Com efeito, somente após uma nova tramitação do projeto de pesquisa, durante um mês, no Comitê de Ética em Pesquisa da Fundação Municipal de Saúde de Teresina (FMS) recebemos a autorização para adentrar a Unidade de Saúde Ozeas Sampaio e realizar as entrevistas com os técnicos das equipes de saúde da família. Durante esta tramitação no comitê de ética, diversas barreiras à pesquisa surgiram, pois os membros do comitê questionavam o referencial teórico da Análise Institucional e o aporte teórico que utilizamos e por ser uma pesquisa que utiliza a subjetividade do pesquisador para a “coleta de dados”. Diversas coisas me foram apontadas: que uma pesquisa que não seguisse um padrão positivista e objetivista não teria valor para a FMS. Sugeriram que eu mudasse meu instrumento de pesquisa, transformando em questões de apenas sim ou não.

Nesse momento, argumentava de acordo com tudo o que já está posto neste estudo, mas a situação só piorava, pois relatavam que pesquisar os processos de trabalho a partir de observação participante, de entrevistas semi-estruturadas era irrelevante; que eu estava “delirando” em querer discutir os modos de trabalho na saúde pública pela perspectiva de Elias Merhy, Gastão Campos, Ricardo Ayres e outros autores citados nesse escrito; que era um ano político, ou seja, que seria realizada eleição para prefeito da cidade e a fala dos técnicos poderia trazer prejuízos à imagem da FMS. Além disso, esses encontros em sua grande maioria foram marcados por grosserias, agressões verbais, onde me apontaram com idiota, ignorante, imaturo, incapaz por não perceber que o referencial cartográfico era inadequado, fui até mesmo expulso da FMS e outros dias, fui barrado de entrar lá, por que não desistia de tentar

argumentar o valor da minha pesquisa. E assim, fui perdendo potência, ficando sem forças, e quase desisti de realizar minha pesquisa. E de volta pra casa, dentro do ônibus, lembro de Rolnik (1989) apontando que o cartógrafo deve saber que é sempre:

[...] em nome da vida, e de sua defesa, que se inventam estratégias, por mais estapafúrdias. Ele nunca esquece que há um limite do quanto se suporta, a cada momento, a intimidade como o finito ilimitado, base de seu critério: um limite de tolerância para a desorientação e reorientação dos afetos, um limiar de “desterritorialização”. Ele sempre avalia o quanto às defesas que estão sendo usadas servem para defender a vida (Rolnik, 1989, p. 70).

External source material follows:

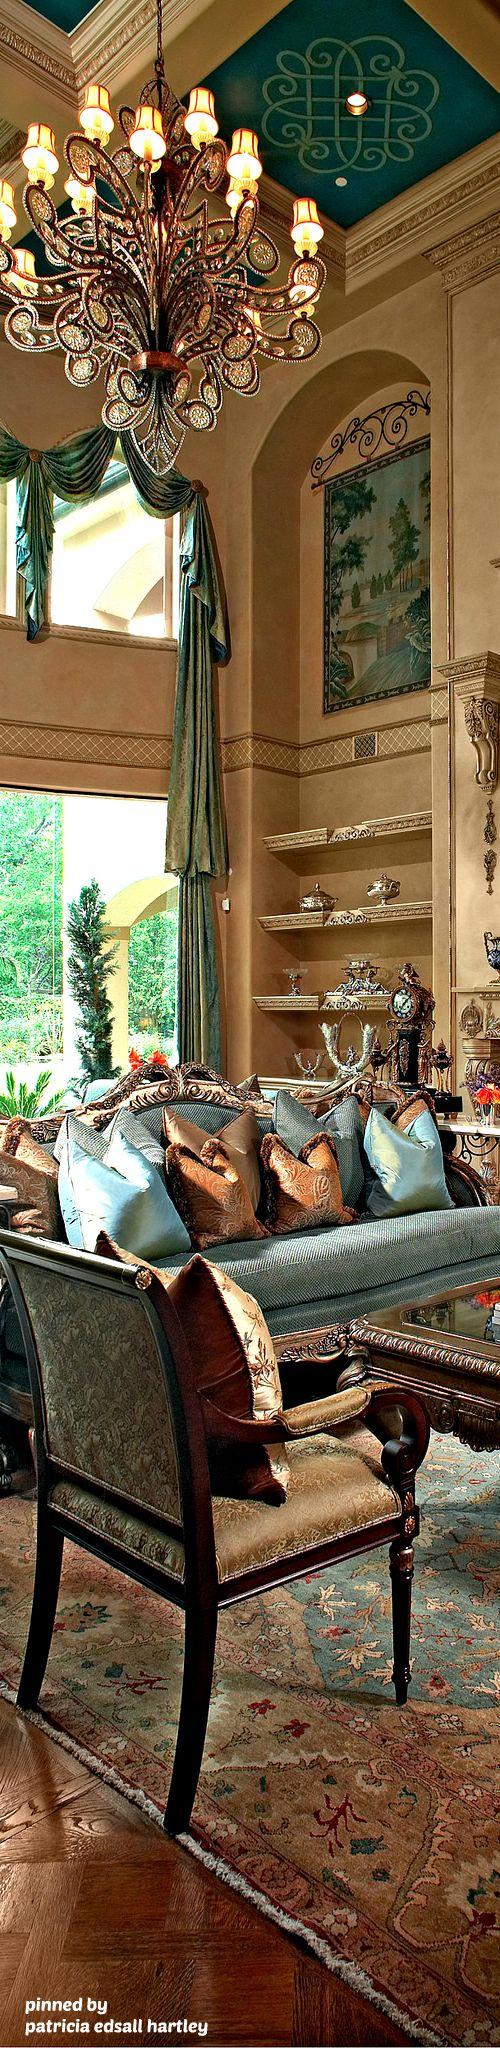 Mediterranean Decor best 25+ mediterranean decorative accents ideas on pinterest

Passados alguns dias do último encontro que tivera na FMS, questionei-me: será que realizarei minha pesquisa? Por que tantos obstáculos? Será que há algo tão errado que eu possa ver que comprometa uma eleição? Por que não posso utilizar-me desse referencial teórico? Será que é por causa dessas barreiras que existem poucas publicações sobre a saúde em Teresina? Que relação deve ser esta que os técnicos estabelecem com a gestão tão burocrática e hierárquica? Será por esses fatores tão rígidos que os processos de trabalho na ponta dos serviços são tão focalizados nas práticas médicas hegemônicas?

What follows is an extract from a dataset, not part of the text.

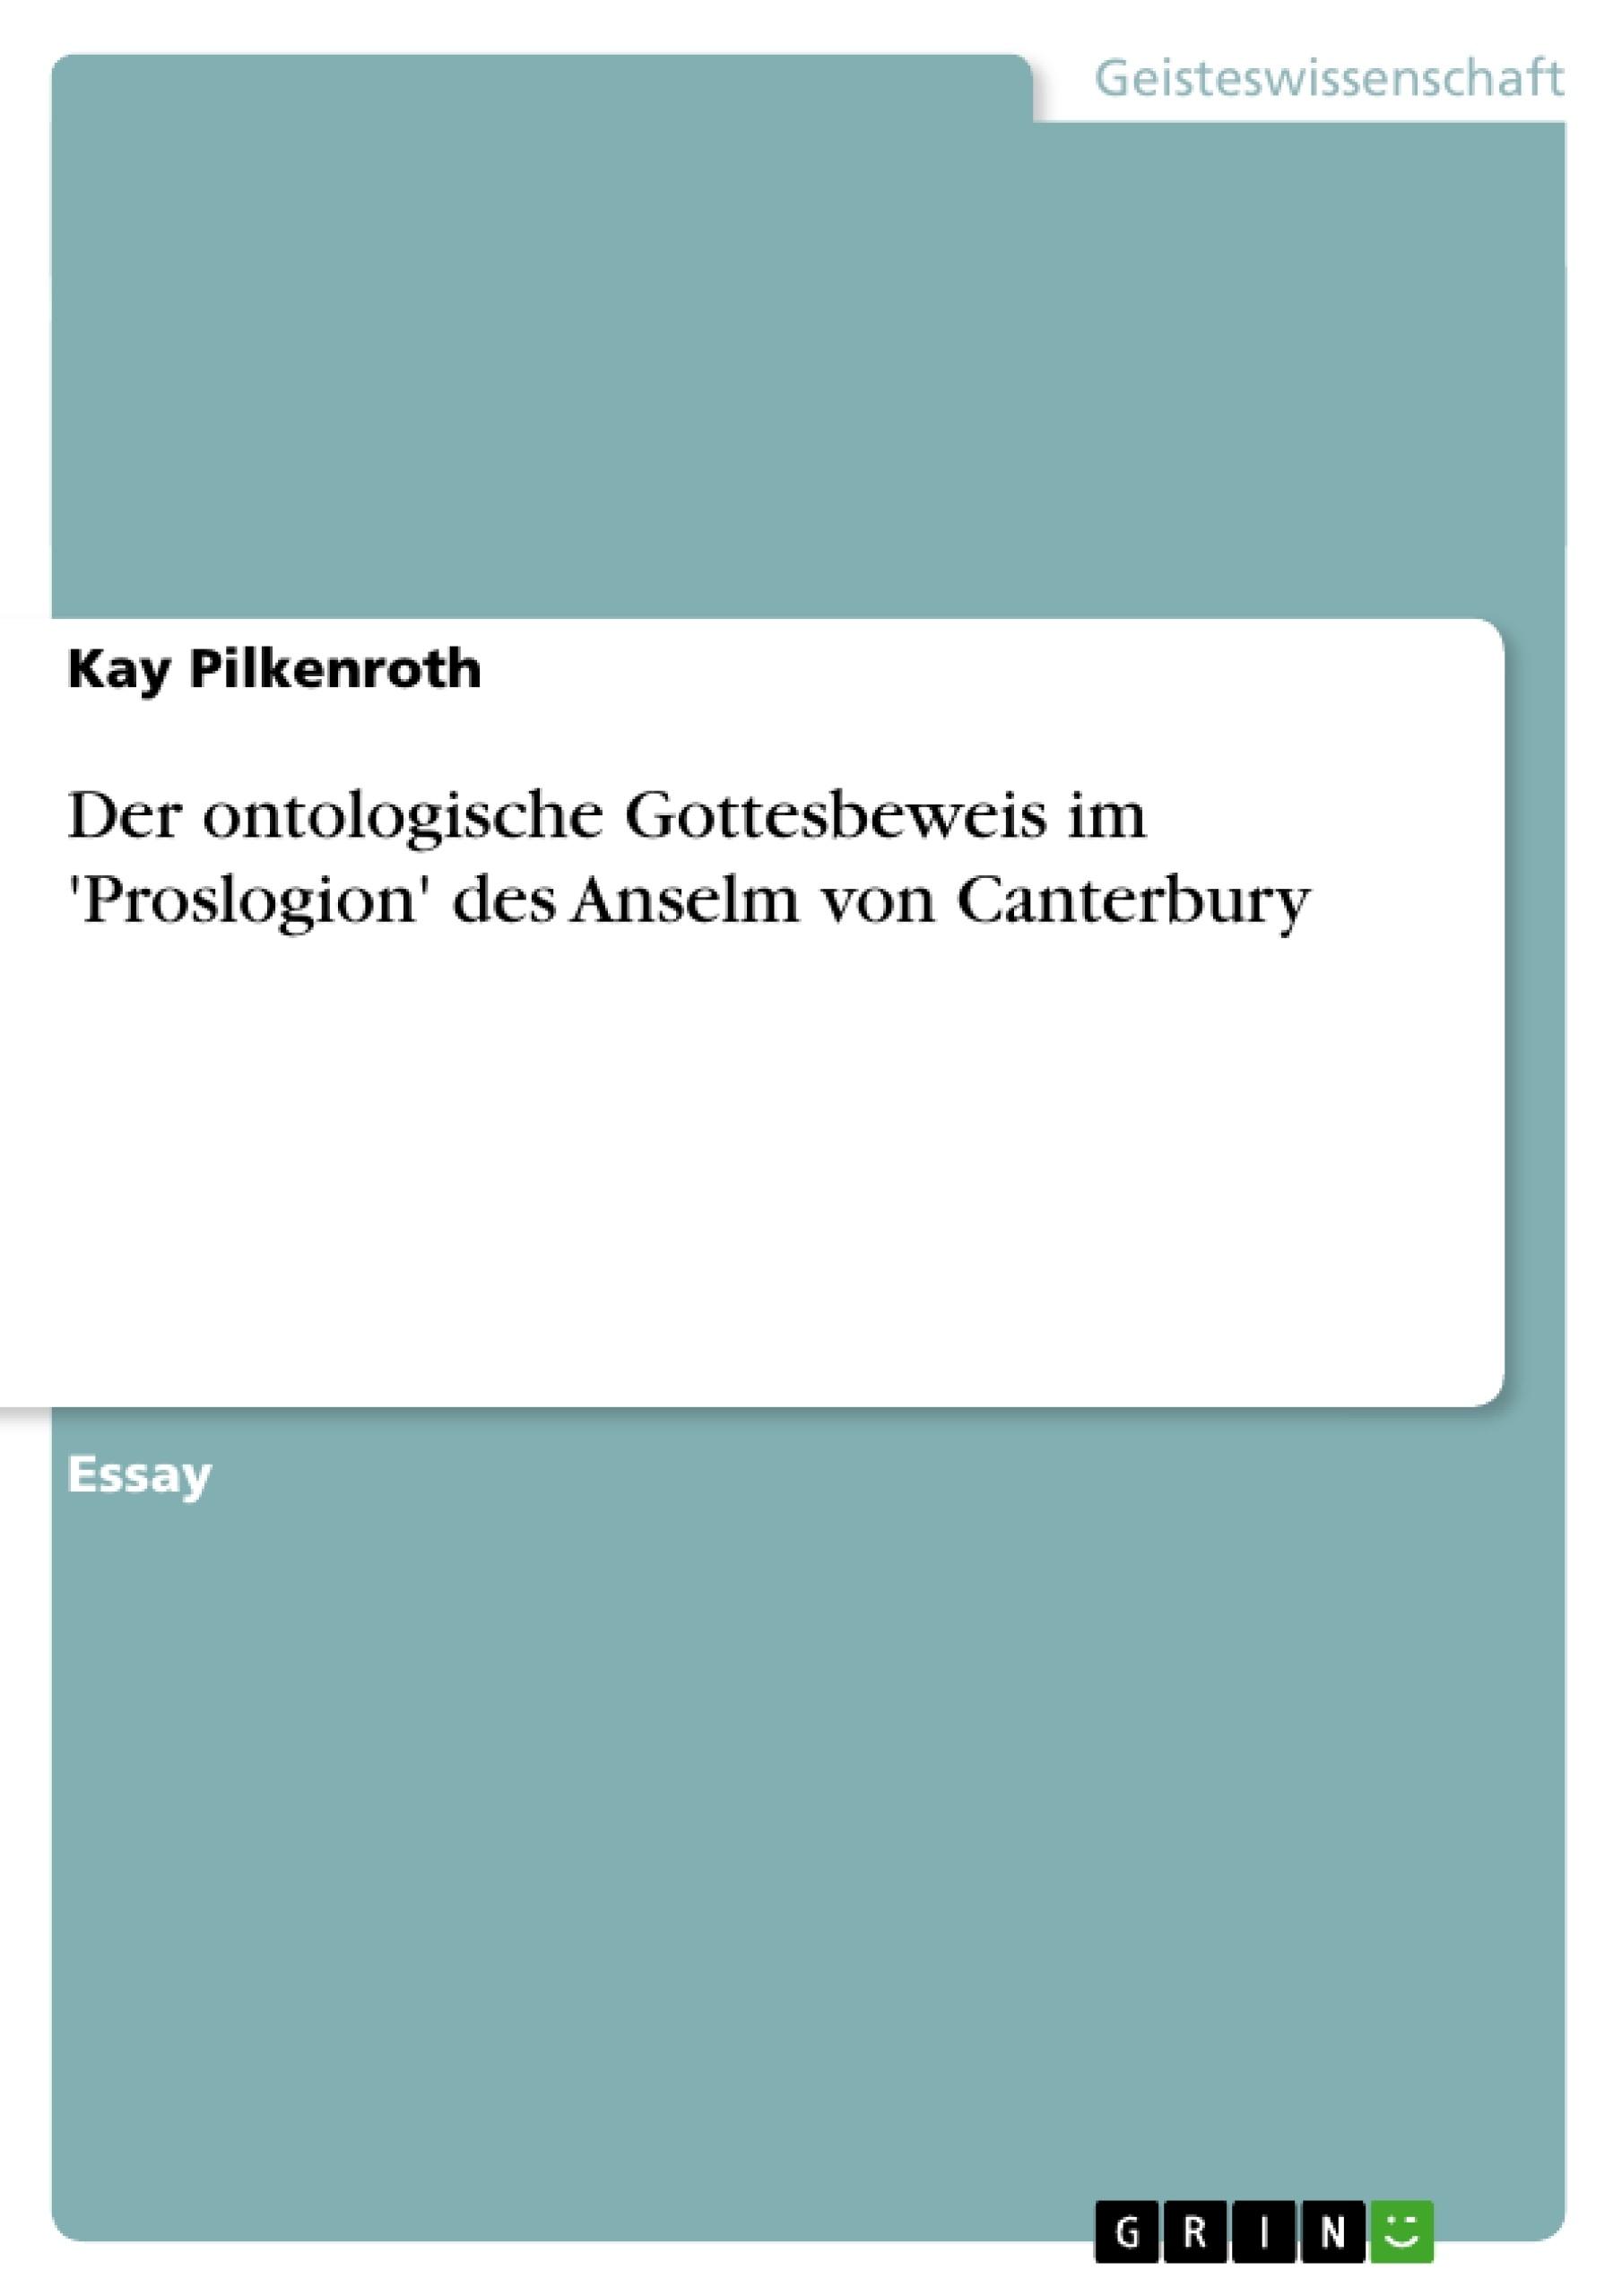 Titel: Der ontologische Gottesbeweis im 'Proslogion' des Anselm von Canterbury

Novamente me convocaram na FMS, para me indagar sobre meu projeto e me encaminharam para uma trabalhadora especialista em saúde mental, a qual me interrogou durante 4 horas, eu colocando o que era toda essa construção teórica que vinha levantando, a qual apresentei a você, leitor, ao longo desse estudo, e como procederia minha pesquisa. Confesso que me incomoda relatar esse processo. Enfim, eles me liberaram para realizar a pesquisa de campo, com a ressalva de criar um Termo de Livre Consentimento Esclarecimento (Vide Anexo I). Declaro ainda que não sei por que liberaram. Se porque acreditaram na minha proposta, ou porque desejavam se ver

livres das minhas ligações diárias e idas à FMS, ou por causa alguma outra força que não sei explicar.

Por fim, seguimos adiante, apostando na cartografia como uma ferramenta potente para fazer emergir novos sentidos para esse campo. Desse modo, nos preparamos para retornar ao campo.